_Records for this exercise_
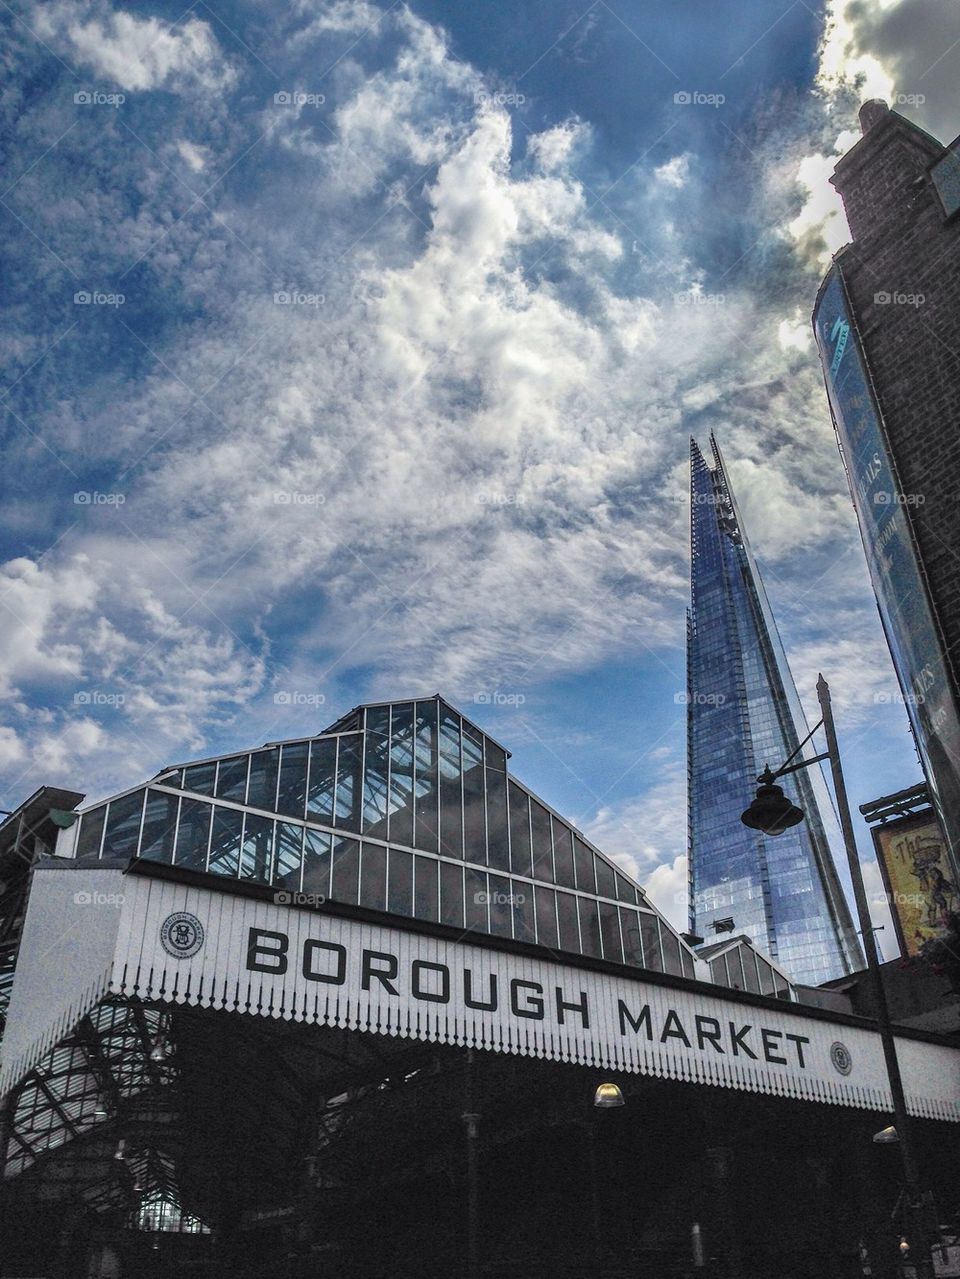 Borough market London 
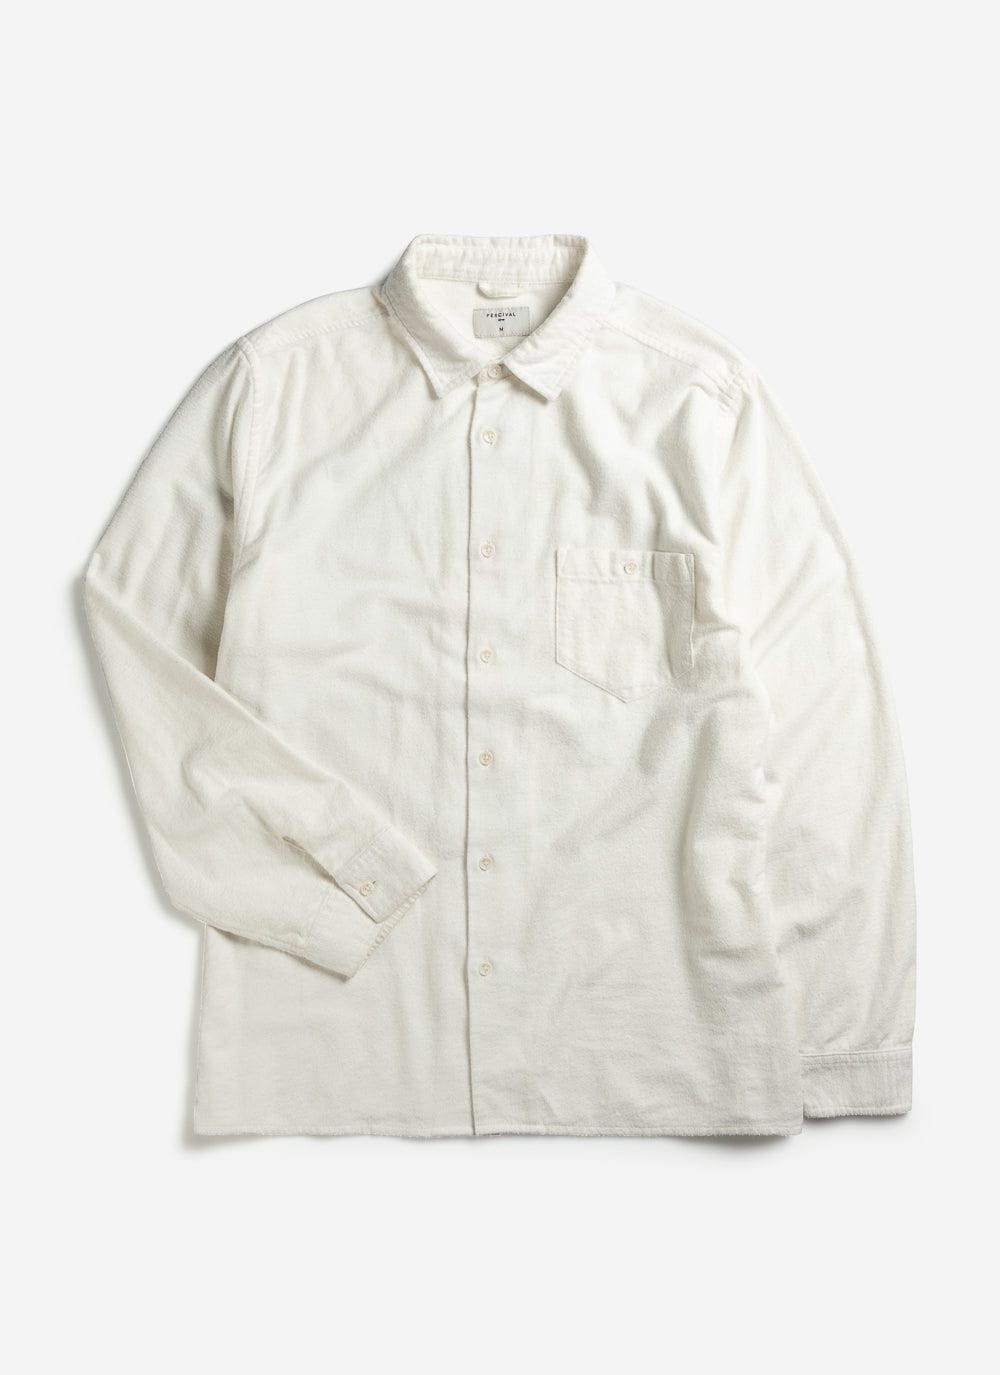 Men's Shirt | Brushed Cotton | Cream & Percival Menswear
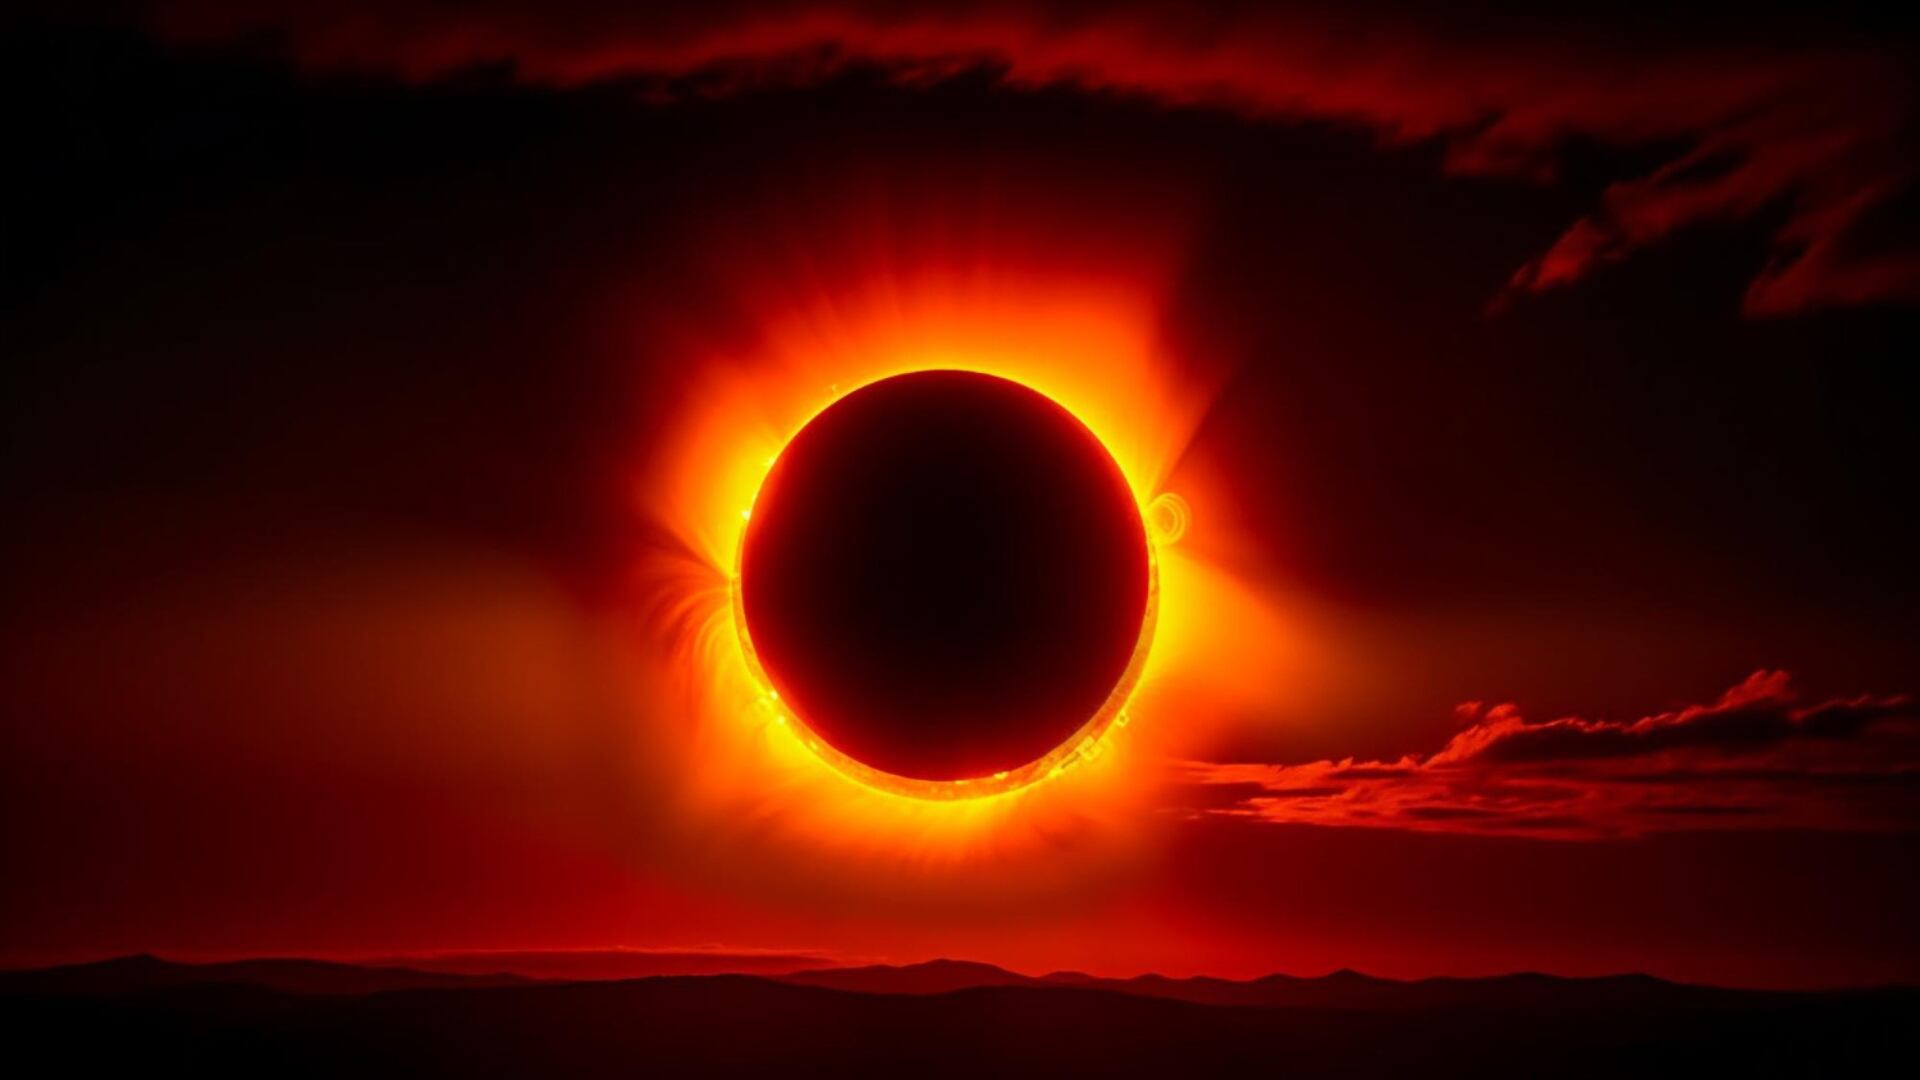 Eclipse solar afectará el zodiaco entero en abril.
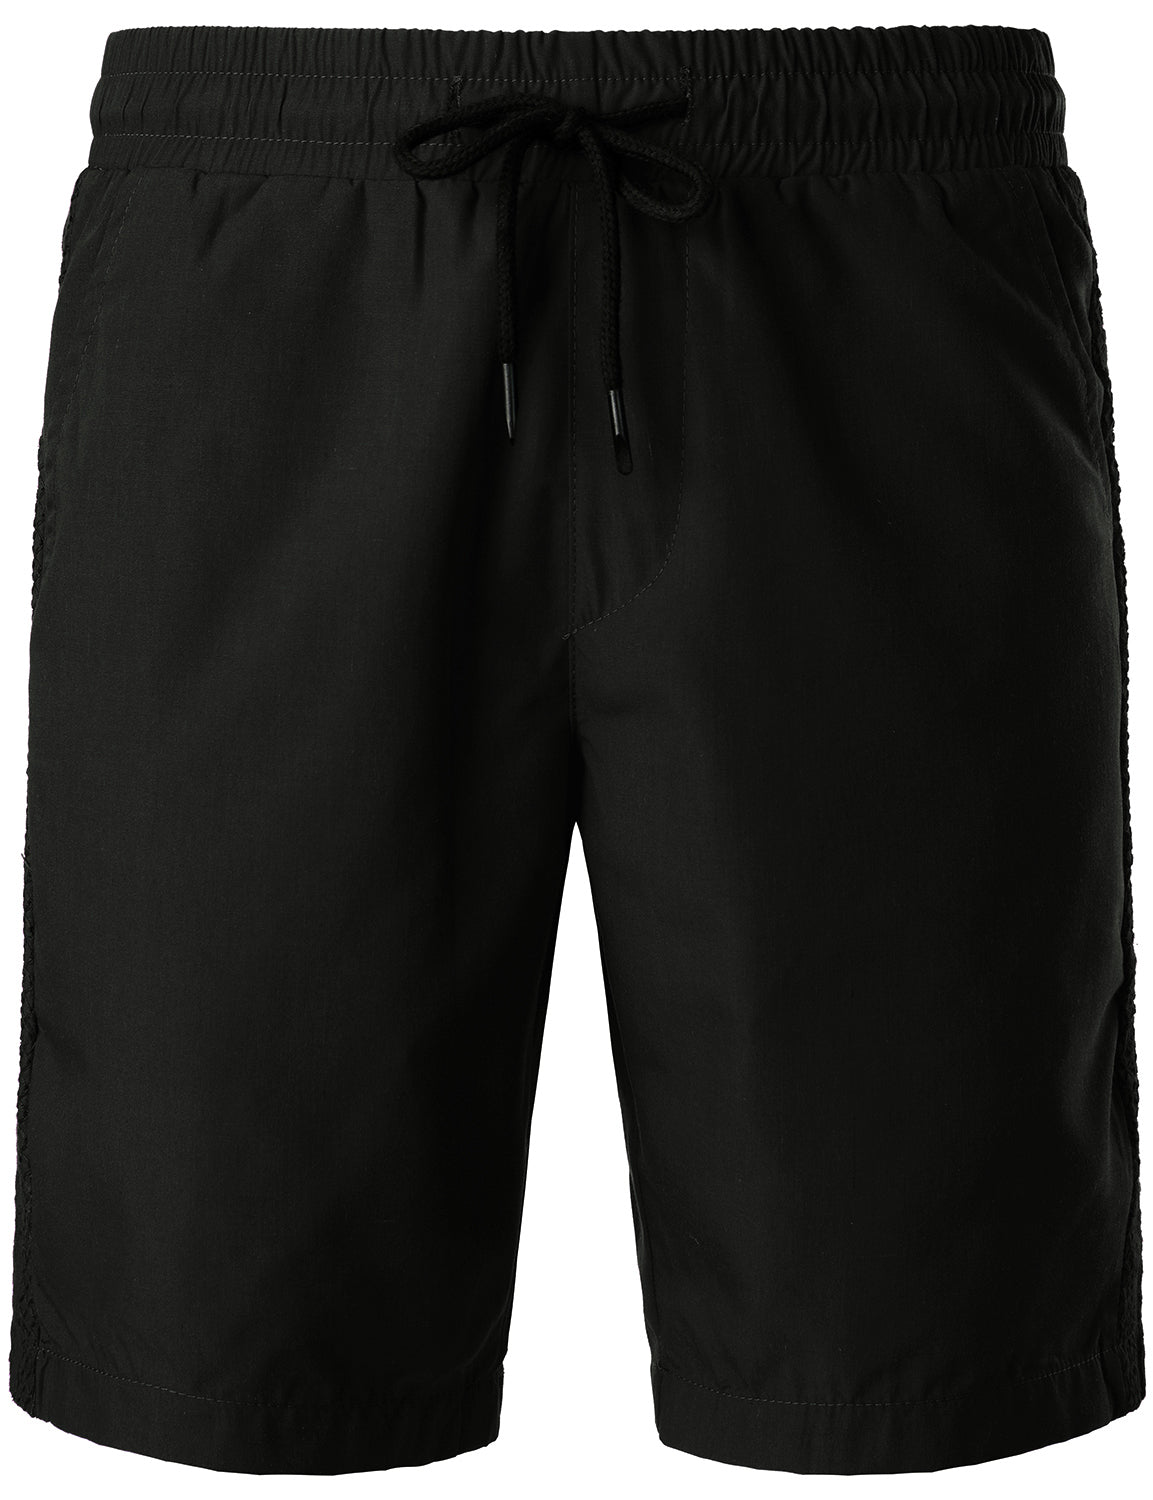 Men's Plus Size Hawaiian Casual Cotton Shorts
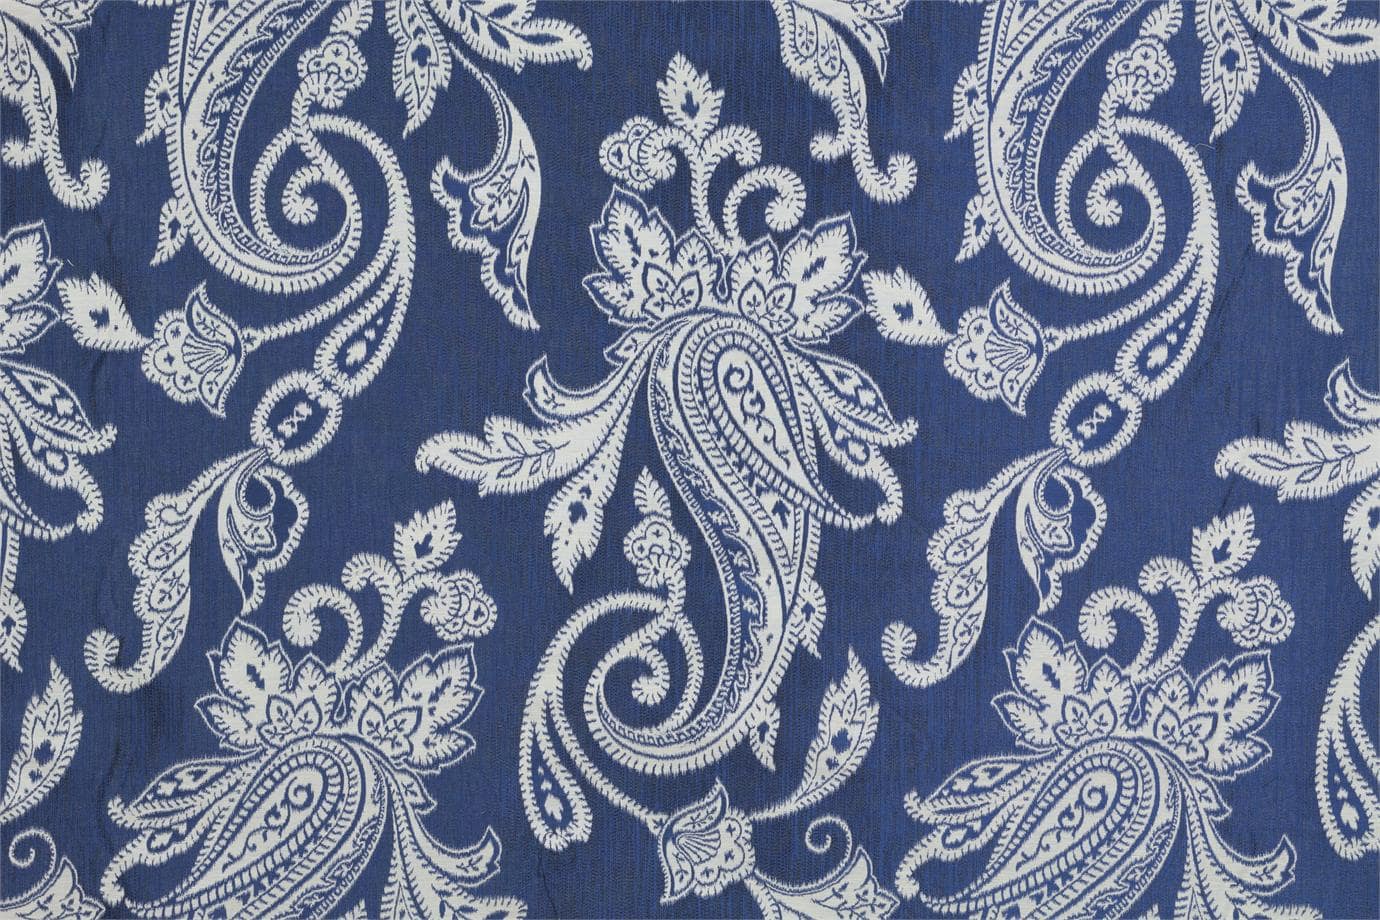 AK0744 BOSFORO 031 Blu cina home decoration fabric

_Required work_
Restate the lines above exactly, from the one bearing "Eclipse solar afectará" through the final line of the material, both included, omitting pictures.

_Answer box_
 Eclipse solar afectará el zodiaco entero en abril.
 Men's Plus Size Hawaiian Casual Cotton Shorts
 AK0744 BOSFORO 031 Blu cina home decoration fabric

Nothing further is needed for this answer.